## AIM OF THE TASK
Return all the data exactly, keeping the pictures out.

## DATASET EXTRACT
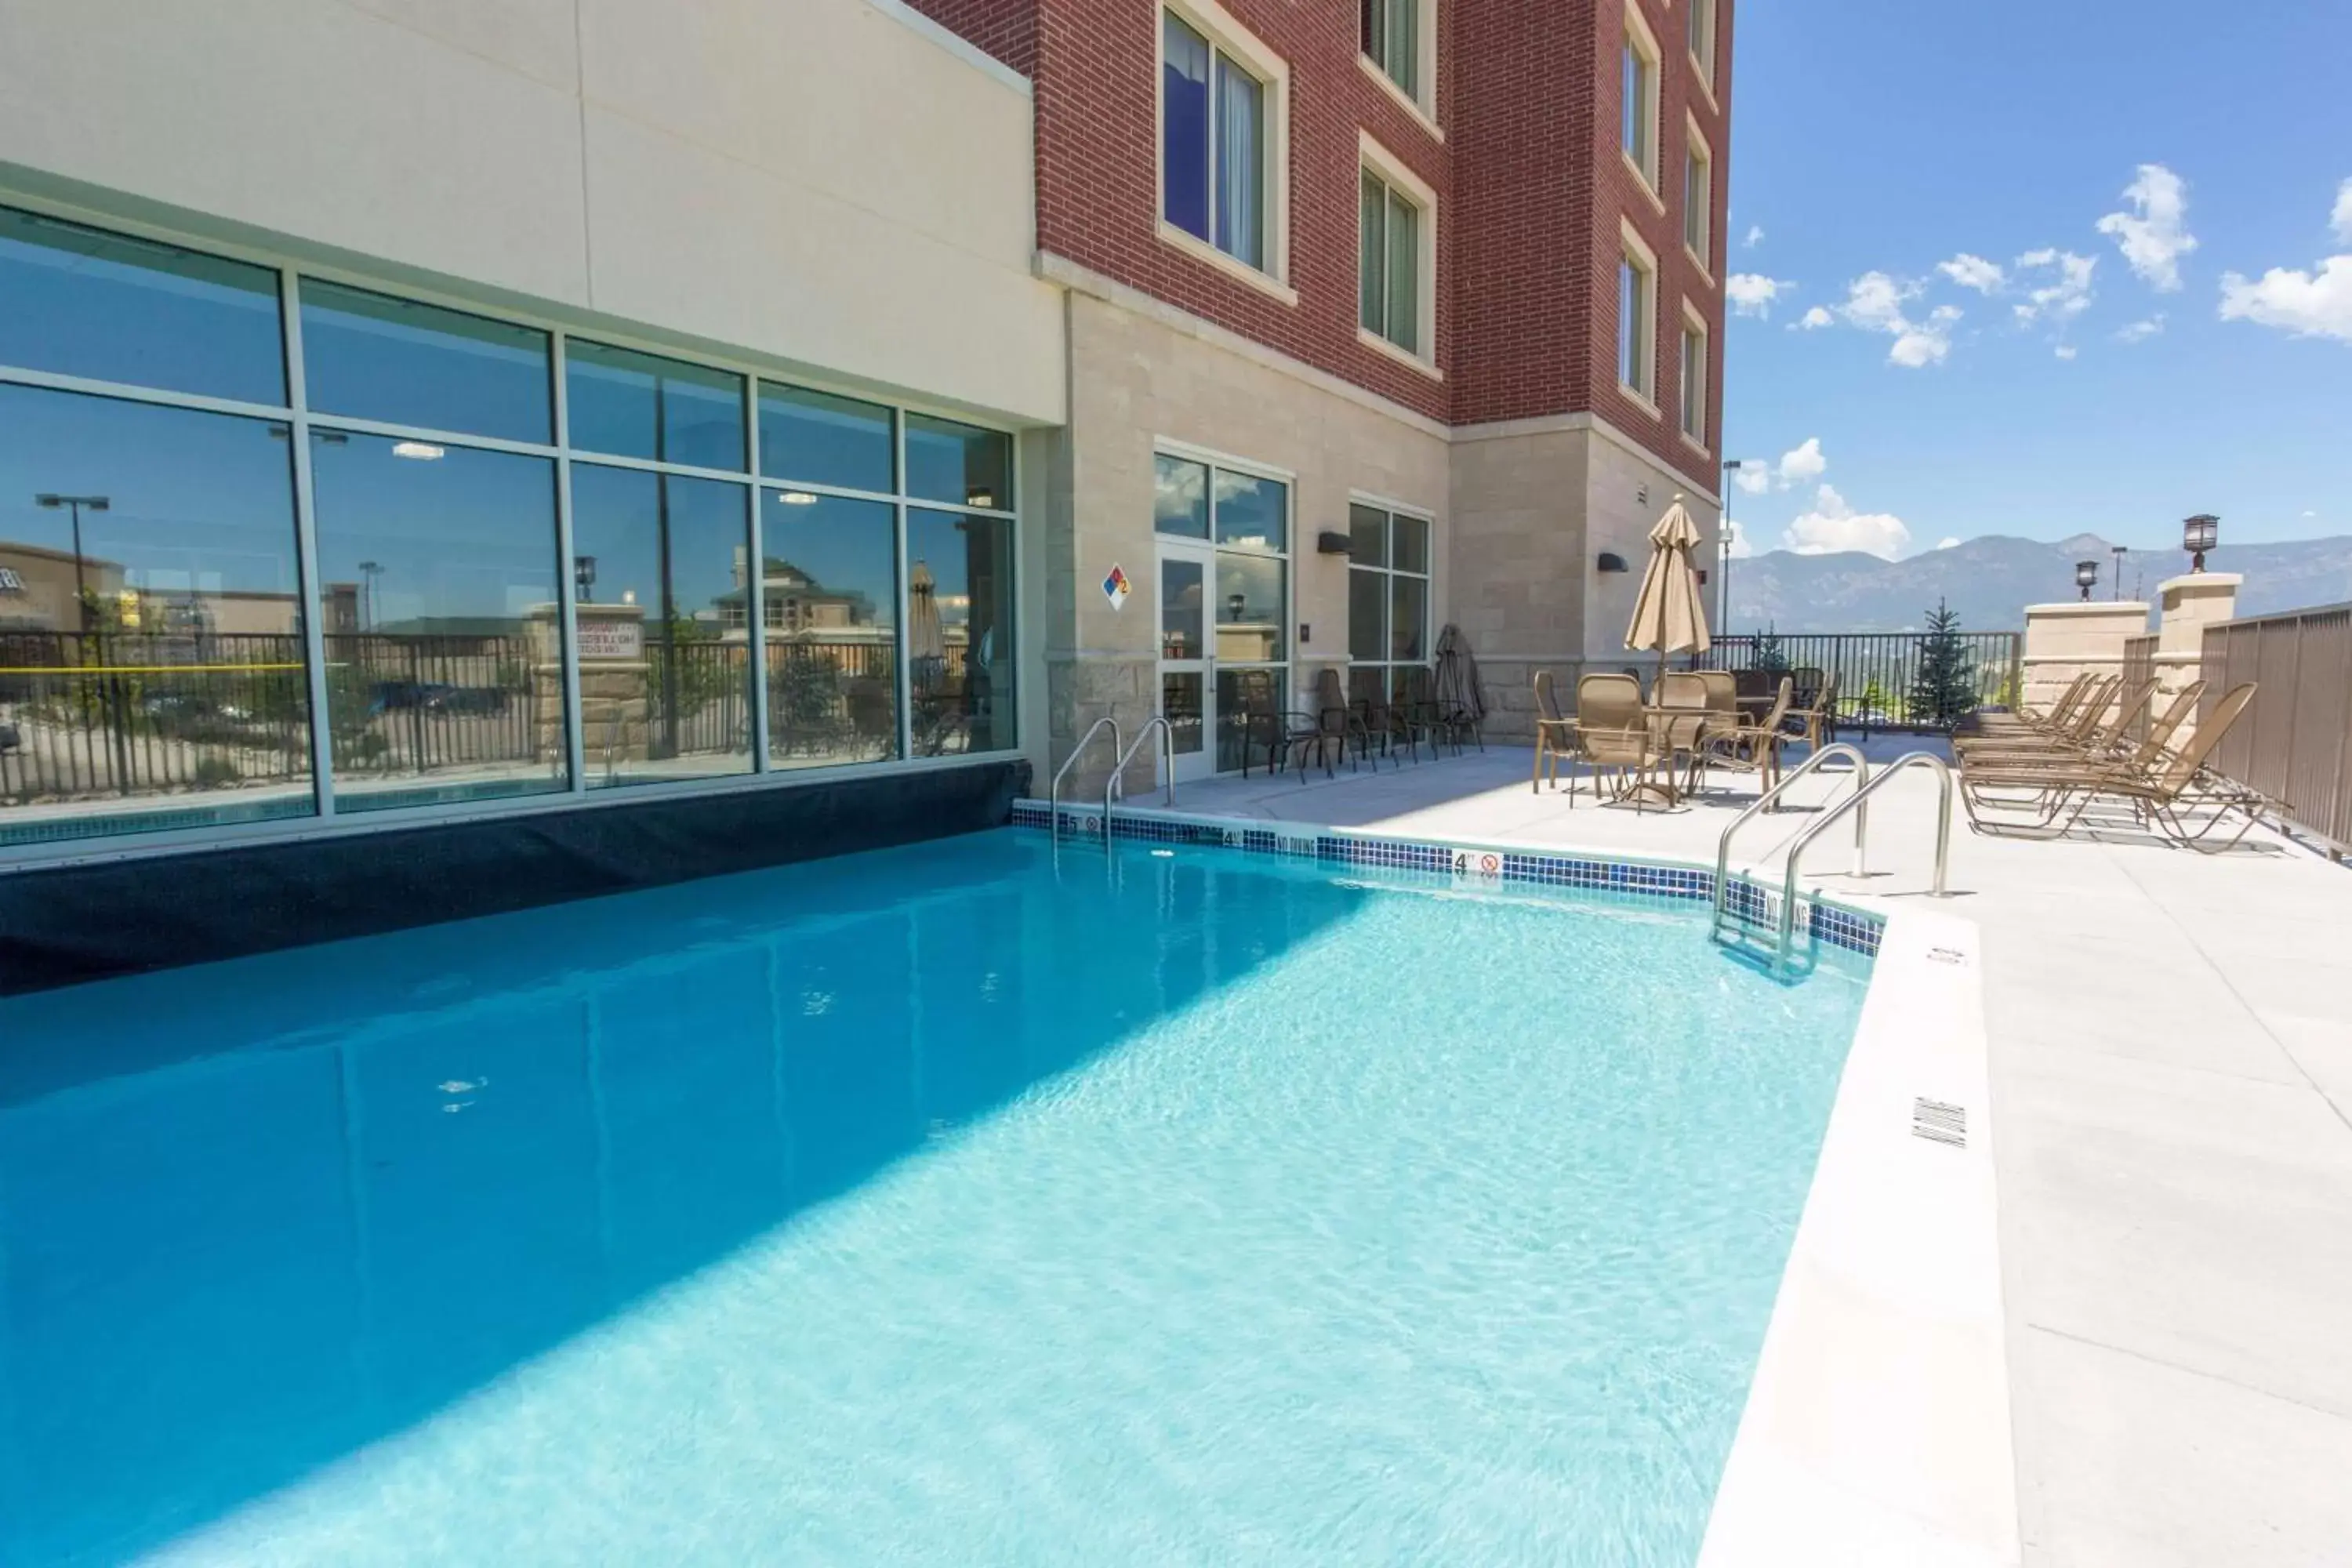 Activities, Swimming Pool in Drury Inn & Suites Colorado Springs Near the Air Force Academy
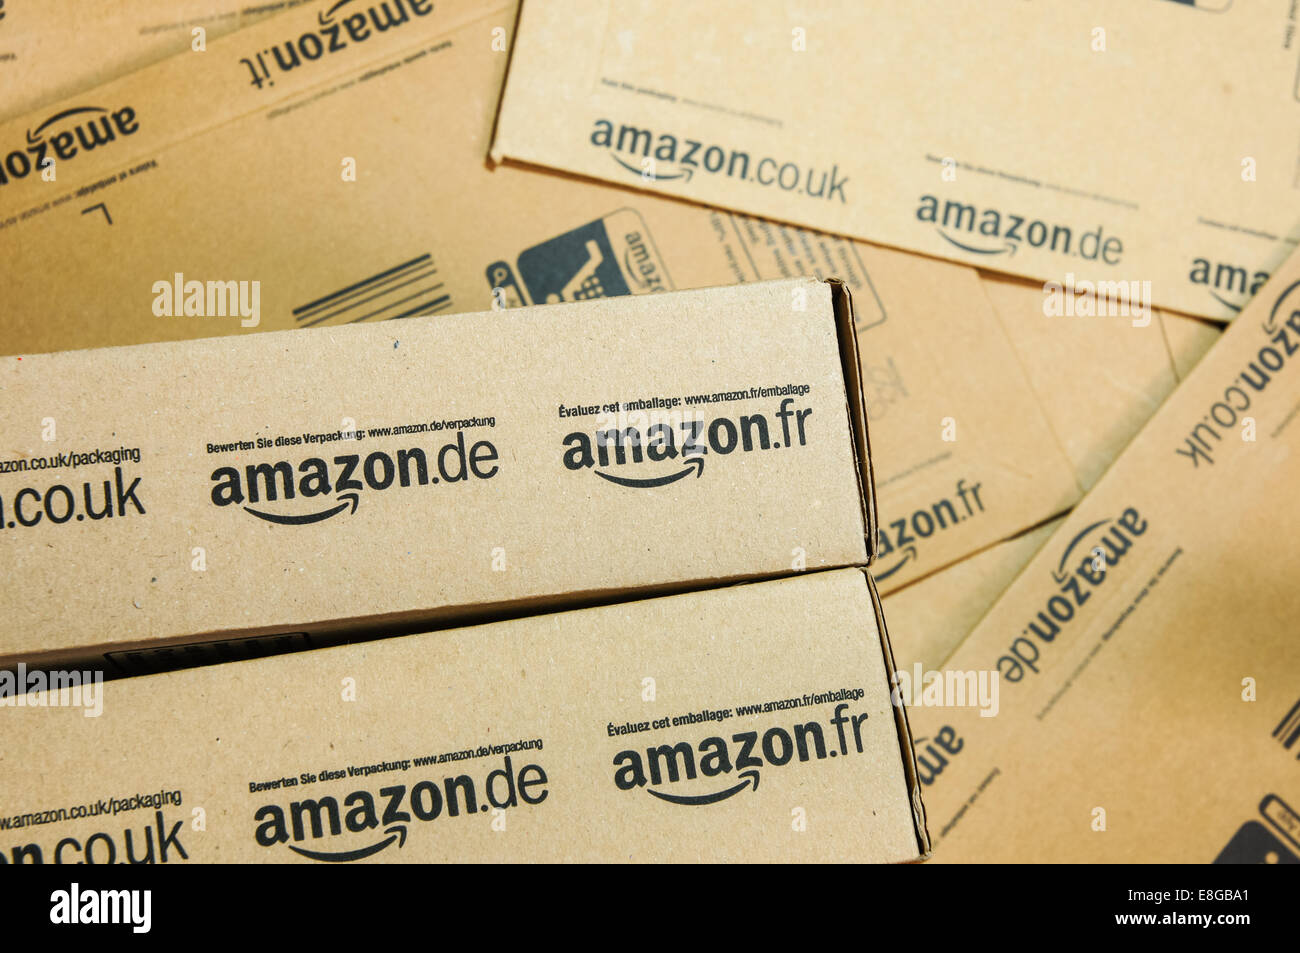 Amazon logo logos on boxes and packages, amazon boxes Stock Photo
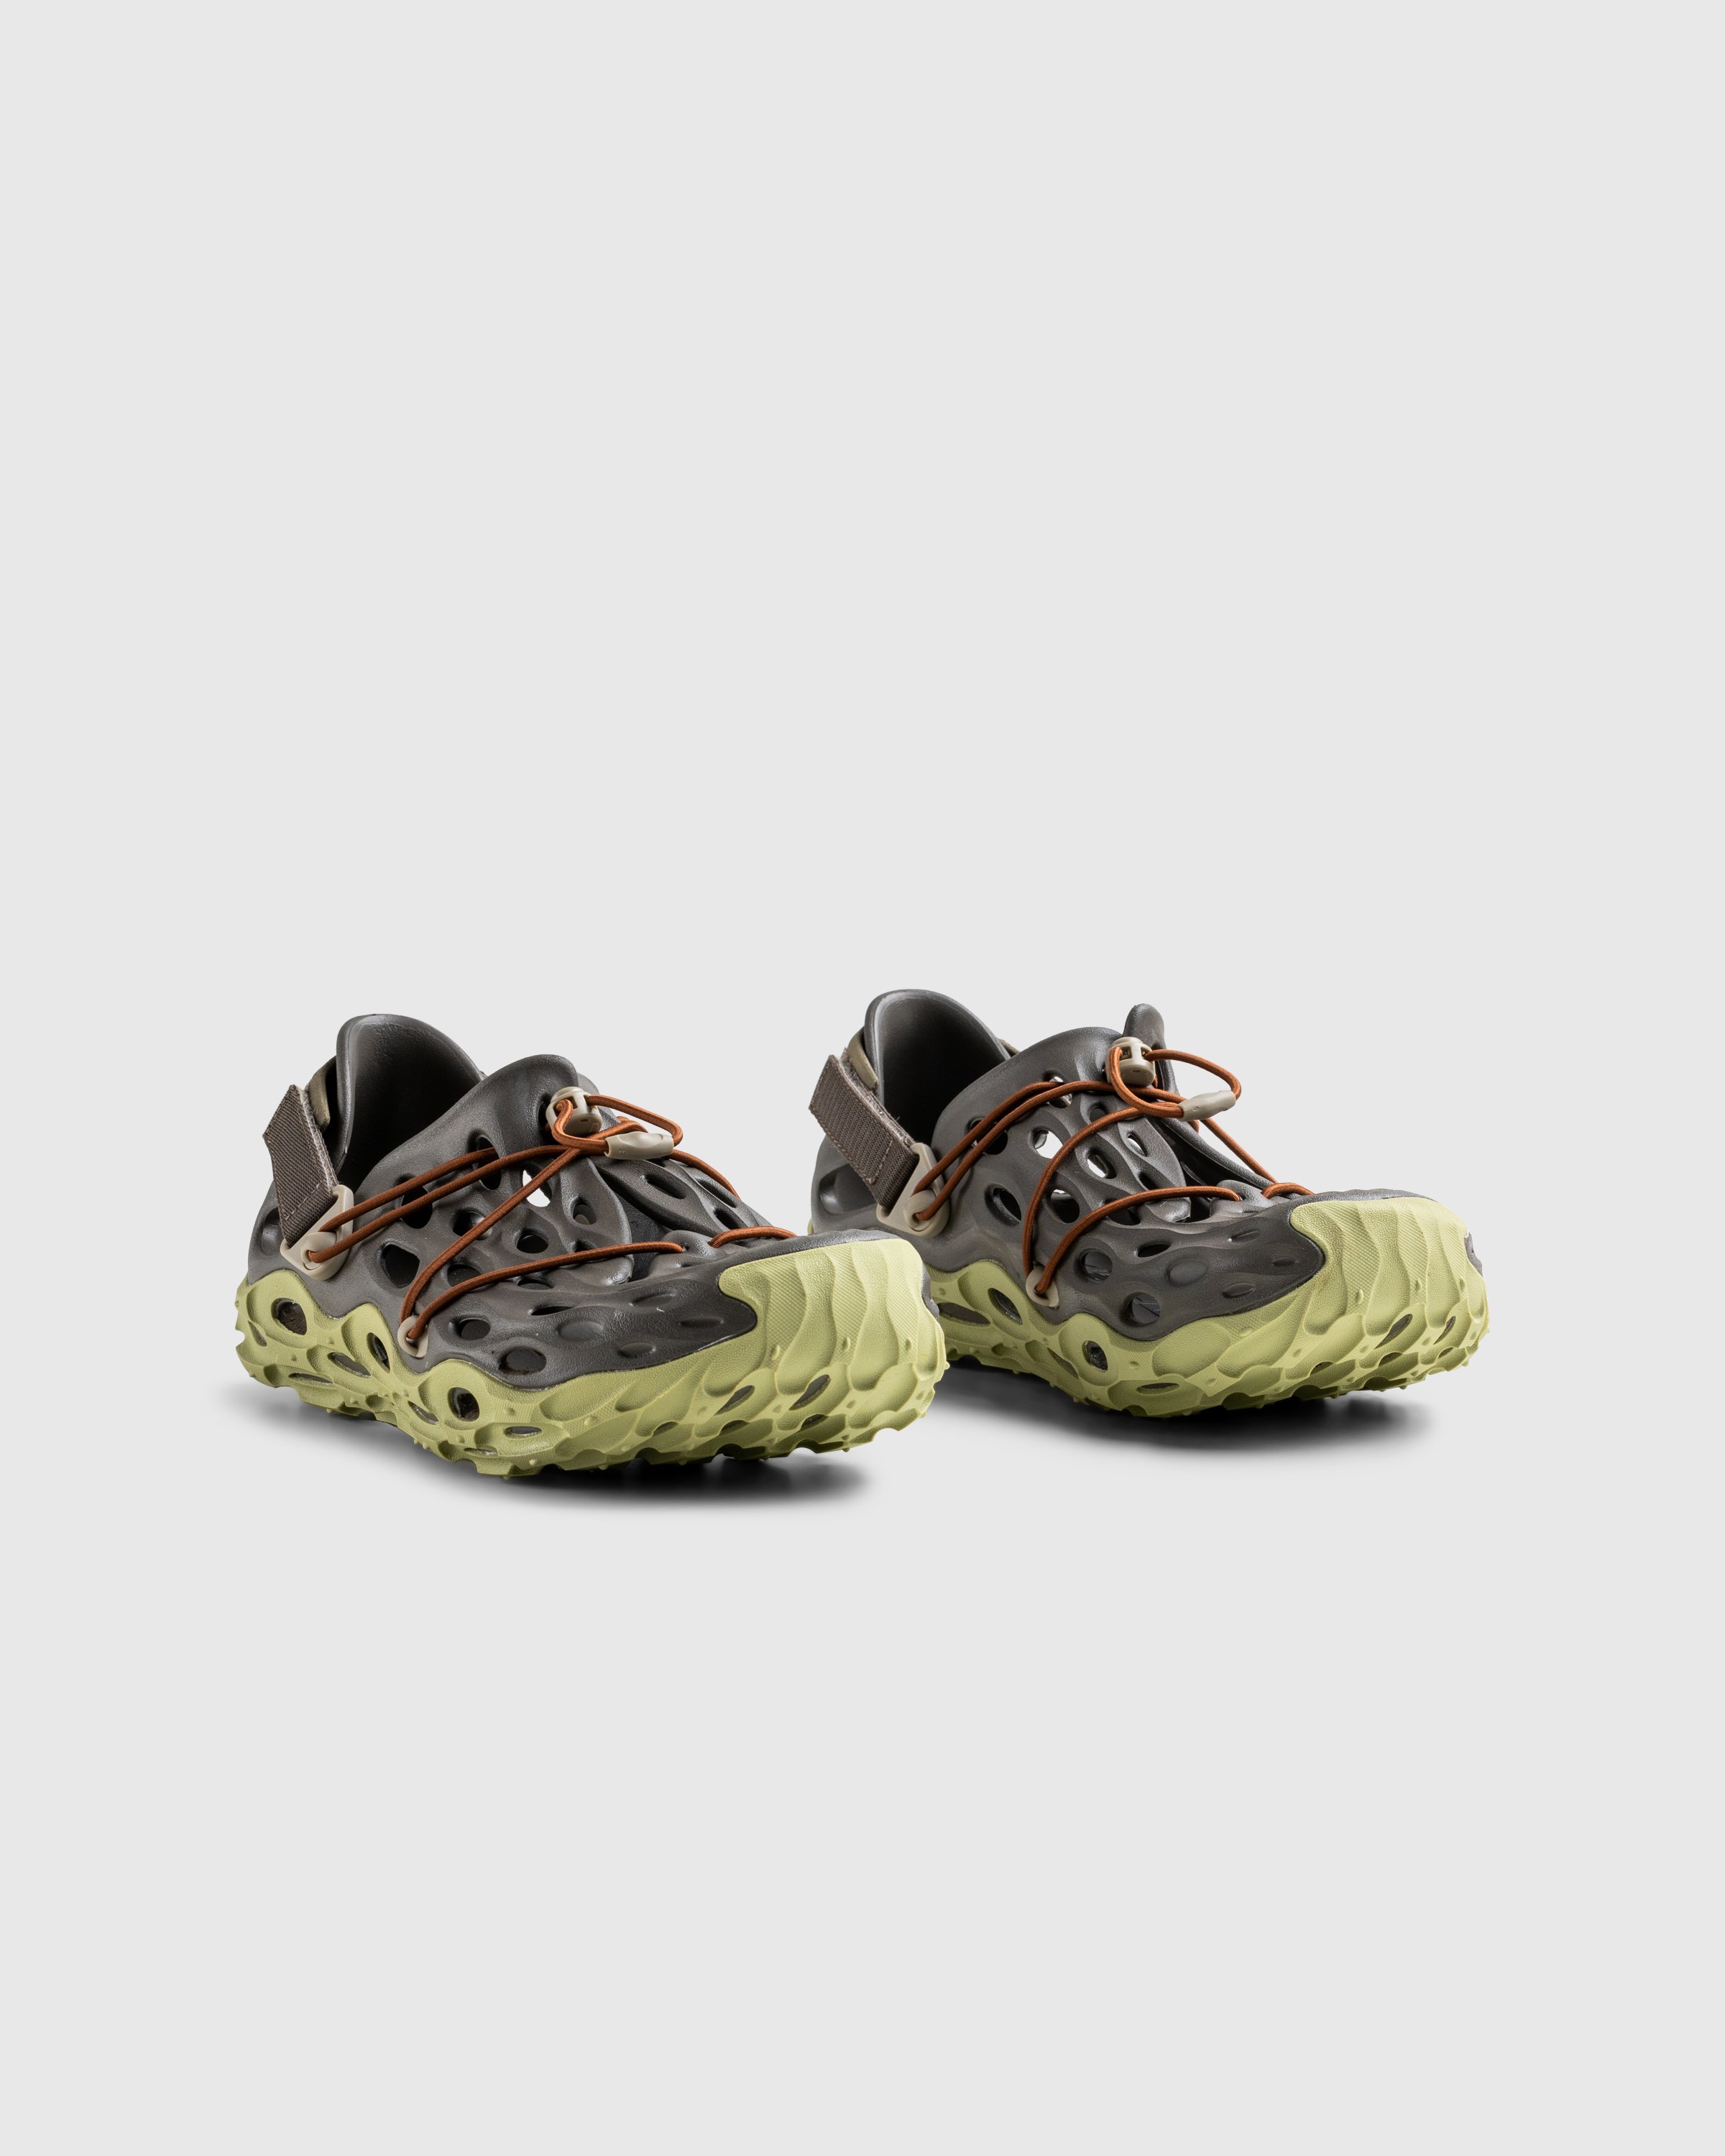 Merrell - HYDRO MOC AT CAGE SE/BOULDER - Footwear - Green - Image 3

## REPLY
 Activities, Swimming Pool in Drury Inn & Suites Colorado Springs Near the Air Force Academy
 Amazon logo logos on boxes and packages, amazon boxes Stock Photo
 Merrell - HYDRO MOC AT CAGE SE/BOULDER - Footwear - Green - Image 3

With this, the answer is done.